Соответственно в само помещение хронотрона на втором этаже двести человек не влезли бы никак. Физически там присутствовали только генерал Фринк, доктор Рудж, несколько их референтов, Блевинс, руководители отделов (в том числе ваша покорная слуга как глава ЗАДРОТЦа) и компьютерщики Фрэнка. Остальные смотрели трансляцию у себя в кабинетах или в кафетерии.
Мы вообще-то отпраздновали накануне в доме Фрэнка и Ребекки: изначальный квинтет плюс Мортимер Шор, к которому и Ребекка, и Фрэнк очень привязались. По негласной договоренности мы оберегали Мортимера от лишней информации о безобразиях в руководстве ДОДО, хотя я часто гадала, не пользуется ли он админскими привилегиями для чтения нашей закрытой переписки. В то утро, глядя на его сияющее лицо, я бы сказала, что вряд ли читает. Мортимер просто радовался, что большие ребята пустили его в свою песочницу.
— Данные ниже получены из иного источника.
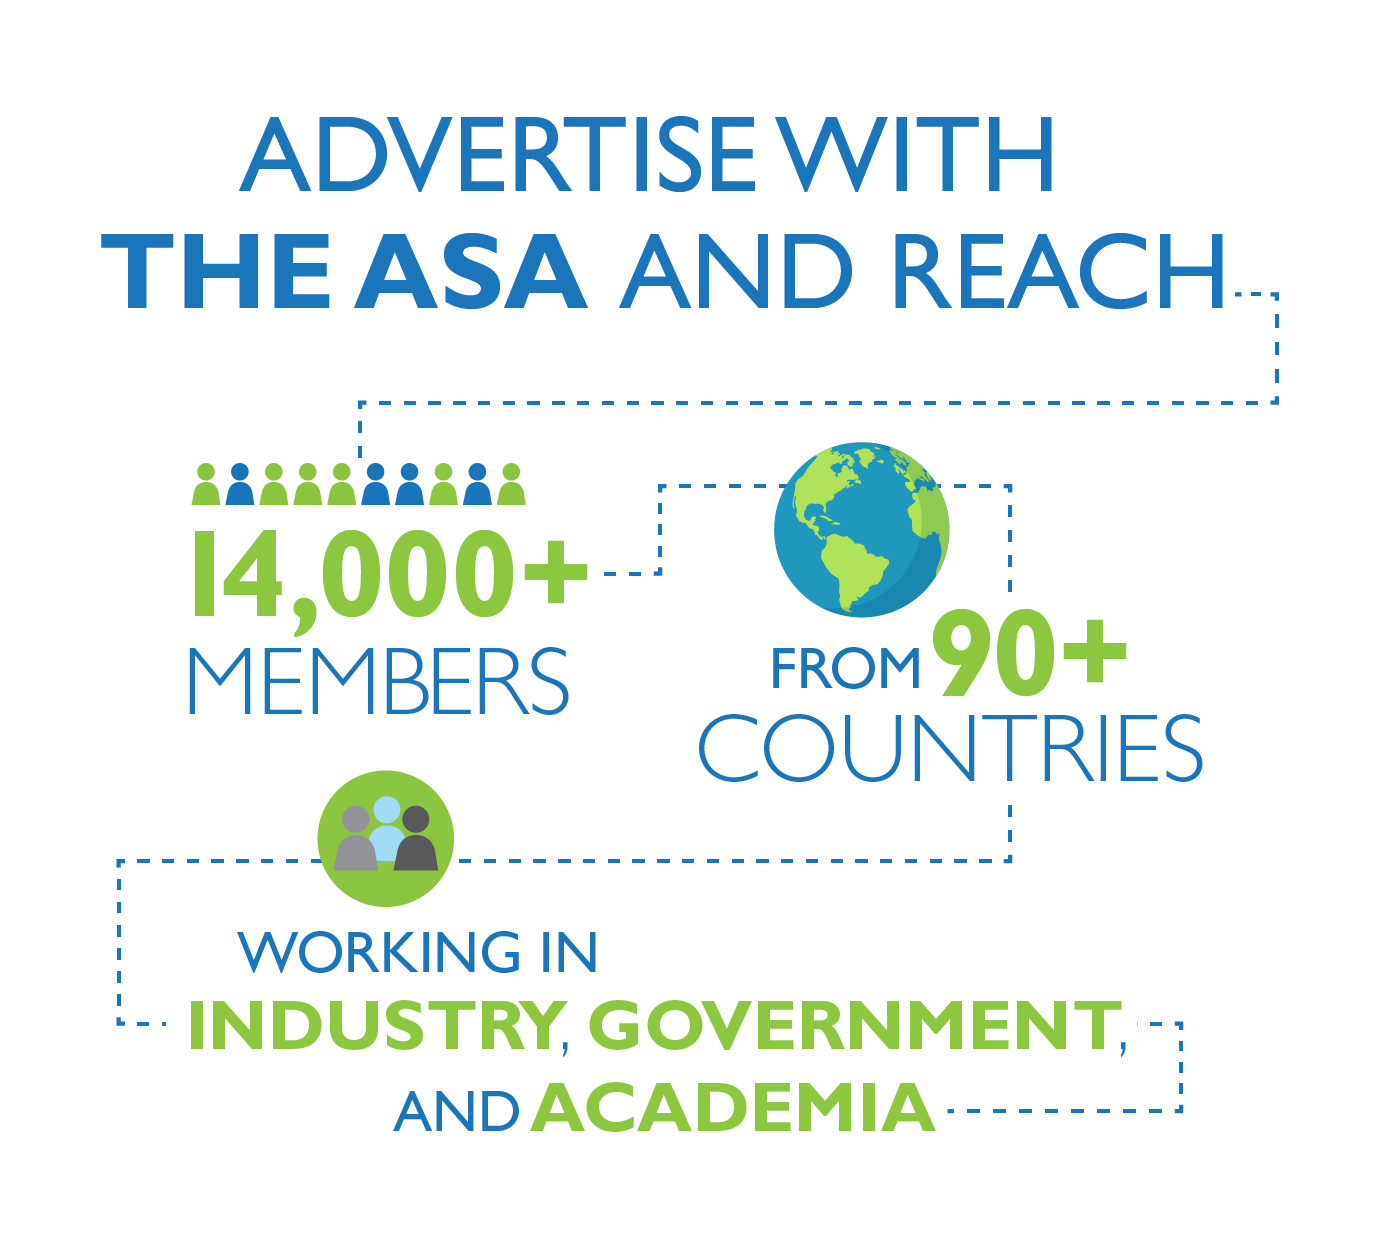 Advertise with the ASA!

Мы все приехали в «Вольво» Фрэнка. Через двадцать минут, точно по графику, прибыл Фринк и в сопровождении Блевинса обошел здание. Наконец все собрались в пультовой комнате хронотрона. Включение и запуск происходили с большой помпой, и хотя на самом деле мы бета-тестировали хронотрон уже несколько недель, Ода все равно сиял, и мне трудно его винить. Он «включил» хронотрон. На самом деле хронотрон уже работал (в последние недели – почти постоянно), а сейчас включили навороченную рабочую станцию, но для церемонии это было куда эффектнее. Когда зажглись плоскопанельные мониторы с бегущим текстом и пляшущей инфографикой, все захлопали, а некоторые программеры заулюлюкали. Фринк поздравил Оду сердечно, Блевинс – почти сердечно, а Тристан, Эржебет и я – с чуть ли не официальной вежливостью. Мы потихоньку привыкали к общей атмосфере, хотя, сказать по правде, меня она выбешивала огорчала.
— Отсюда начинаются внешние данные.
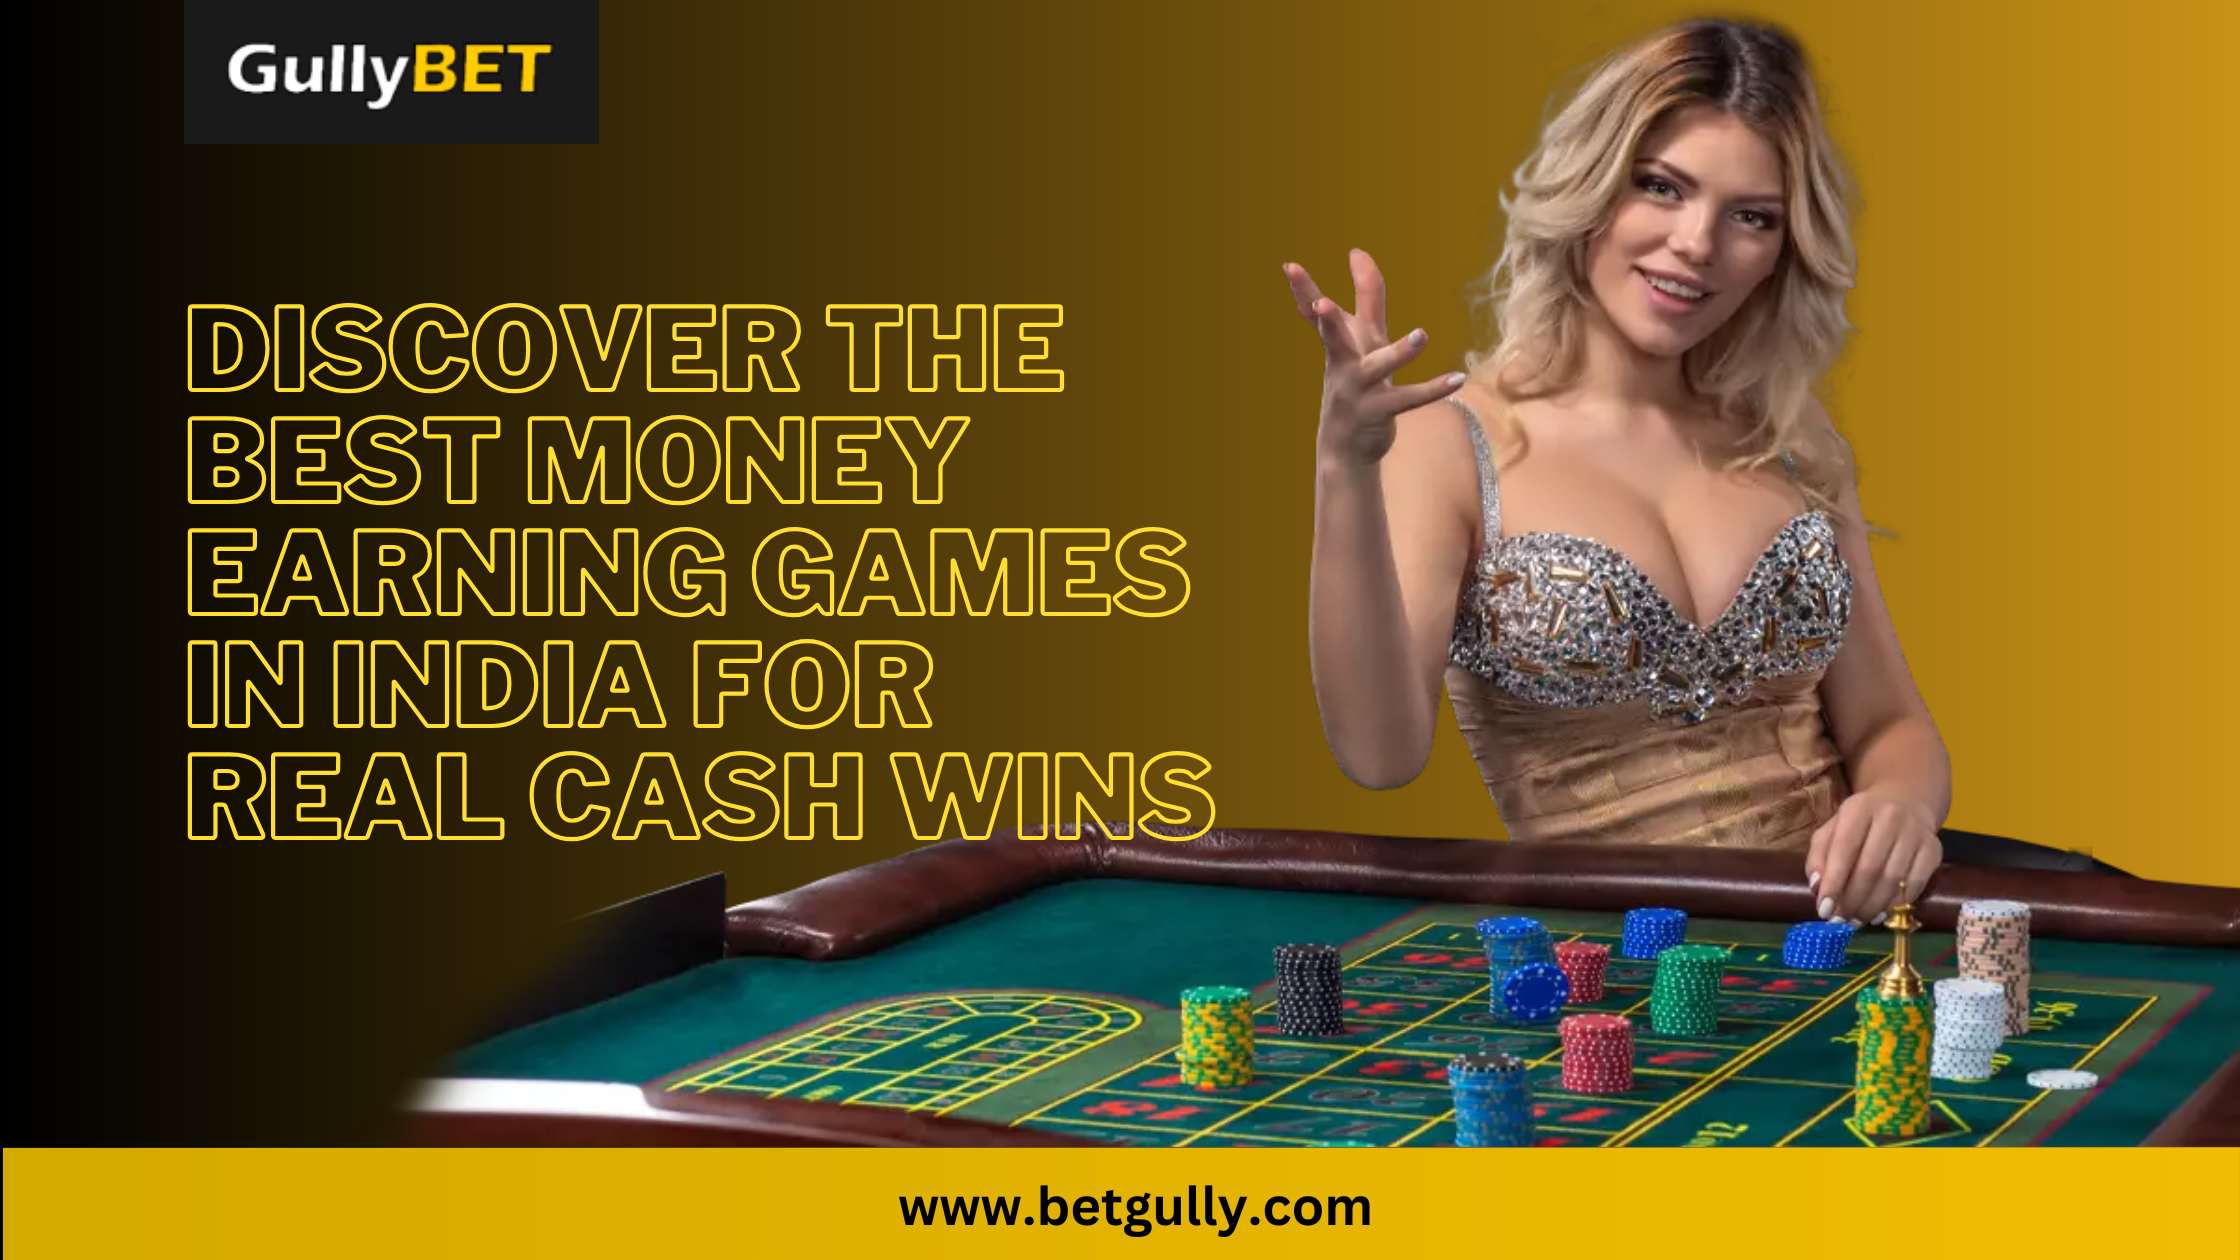 Discover the Best Money Earning Games in India for Real Cash Wins

Пультовая комната находилась рядом с конференц-залом, оборудованным всевозможными экранами и устройствами виртуальной и дополненной реальности, так что результаты анализа можно было сразу сопоставлять с картами, хронологическими таблицами, а также схемами сети ИГСОВ и явок в различных ВиМНах. Сразу после включения хронотрона мы перешли туда и выслушали брифинг Блевинса по операциям ДОДО в ближайшие месяцы. Все их объединяло место действия – то, что мы называли Константинопольским театром.
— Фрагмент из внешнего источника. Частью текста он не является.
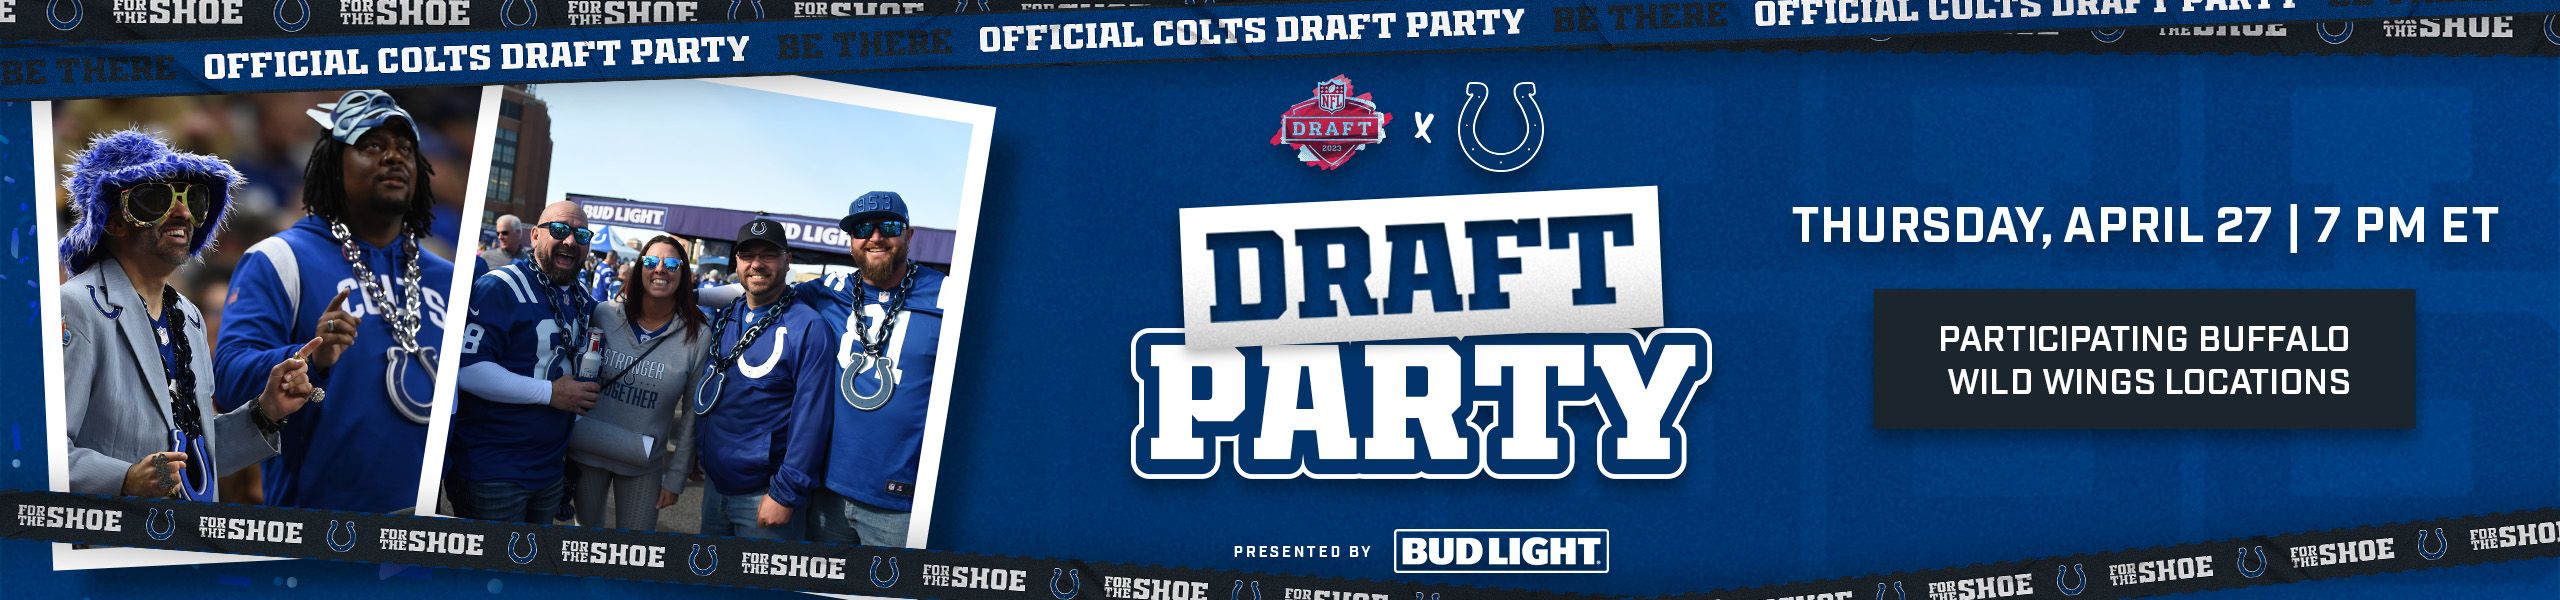 Colts Draft Party  Indianapolis Colts

Константинопольский театр являл собой широкую панораму подготовленных баз и планируемых ДЭЛОВ – все они имели цель уменьшить влияние России на Балканах и в Причерноморье. Речь шла не о том, чтобы радикально изменить и без того бурную историю этих земель; нет, предполагалось за счет чуть заметных шагов не допустить российской гегемонии в будущем. Разумеется, это значило сдвинуть границу раскола Западной и Восточной церквей, но не только. План включал сотни различных ДЭЛОВ, и для многих у нас пока не было ресурсов. Однако мы уже знали, какими будут первые четыре-пять гамбитов, и в тот день собирались прямиком от хронотрона спуститься к ОДЕКам и отправить Тристана с первым заданием.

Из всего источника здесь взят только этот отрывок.